The North Carolina Court of Appeals has held that the state’s Insurance Guaranty Association is obligated to pay for workers’ compensation claims made or incurred against CompTrust, a former group self-insurer that issued workers’ compensation insurance policies to certain employer members. CompTrust was never an Association member, but had converted itself into the CAGC Insurance Company, a North Carolina licensed direct insurer, and CAGC joined the Association. Only CAGC survived the merger and members of CompTrust were converted into CAGC policyholders. CAGC had assumed liability for all claims previously held by CompTrust but was liquidated in January 2014. At issue were workers’ compensation claims that occurred when CompTrust was still in business and responsible for the relevant insurance policies. The Association argued that it should not be obligated for those claims because, in part, they did not arise under policies of direct insurance issued by CAGC and were therefore outside the scope of the Association’s statutory obligations.

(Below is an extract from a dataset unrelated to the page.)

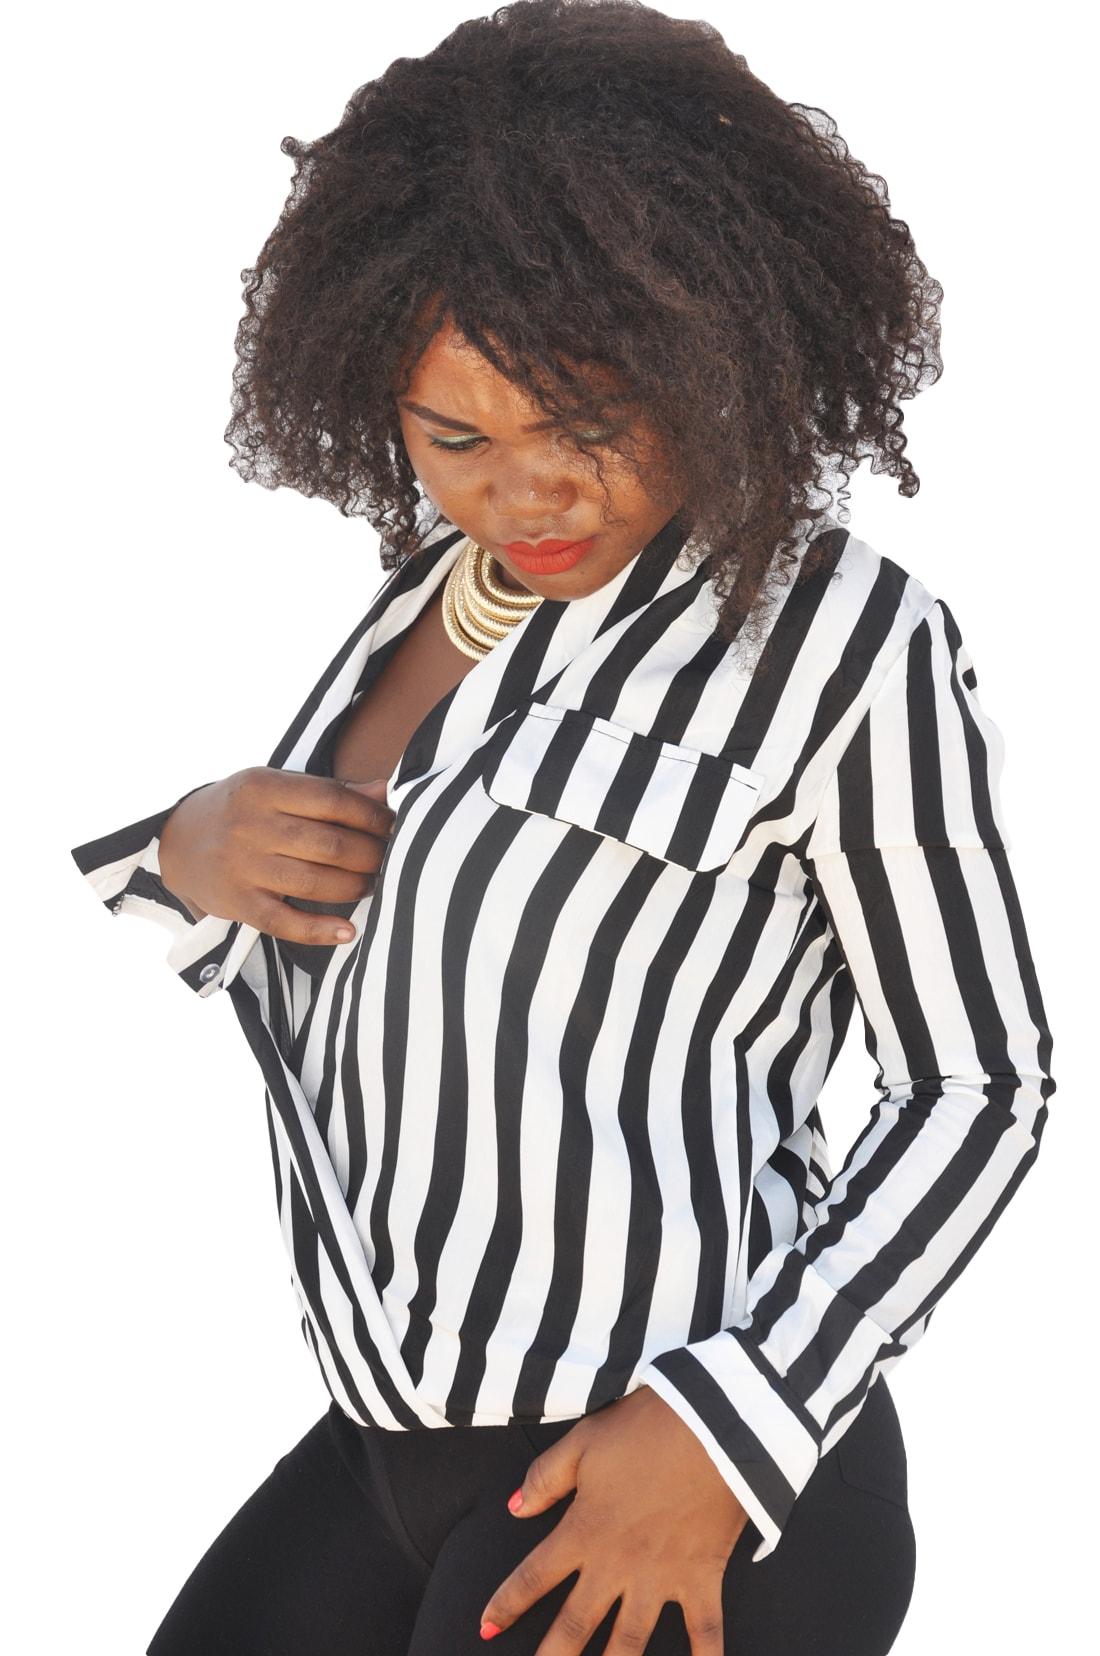 M0221 blackwhite4 Blouses Tops Shirts maureens.com boutique

The appellate court disagreed. All of CompTrust’s debts and obligations were transferred to CAGC “to the same extent as if said debts, liabilities, and duties had been incurred or contracted” by CAGC. The court found no difference between the merger agreement at issue and the assumption reinsurance agreement at issue in a prior North Carolina case whereby Reliance National Insurance assumed a self-insurer’s responsibilities and the Association was then obligated, upon Reliance’s insolvency, to workers’ compensation obligations that originated with the self-insurer. CAGC was a direct insurer placing it within the Association’s statutory obligations and, therefore, when CAGC became insolvent the covered claims became the Association’s responsibility. The appellate court reversed the trial court’s decision and remanded with directions to enter judgment that the Association was estopped from denying its obligations for any pre-merger workers’ compensation claims made or incurred against CompTrust. Goodwin v. CAGC Insurance Co., No. COA14-445 (N.C. Ct. App. Jan. 20, 2015).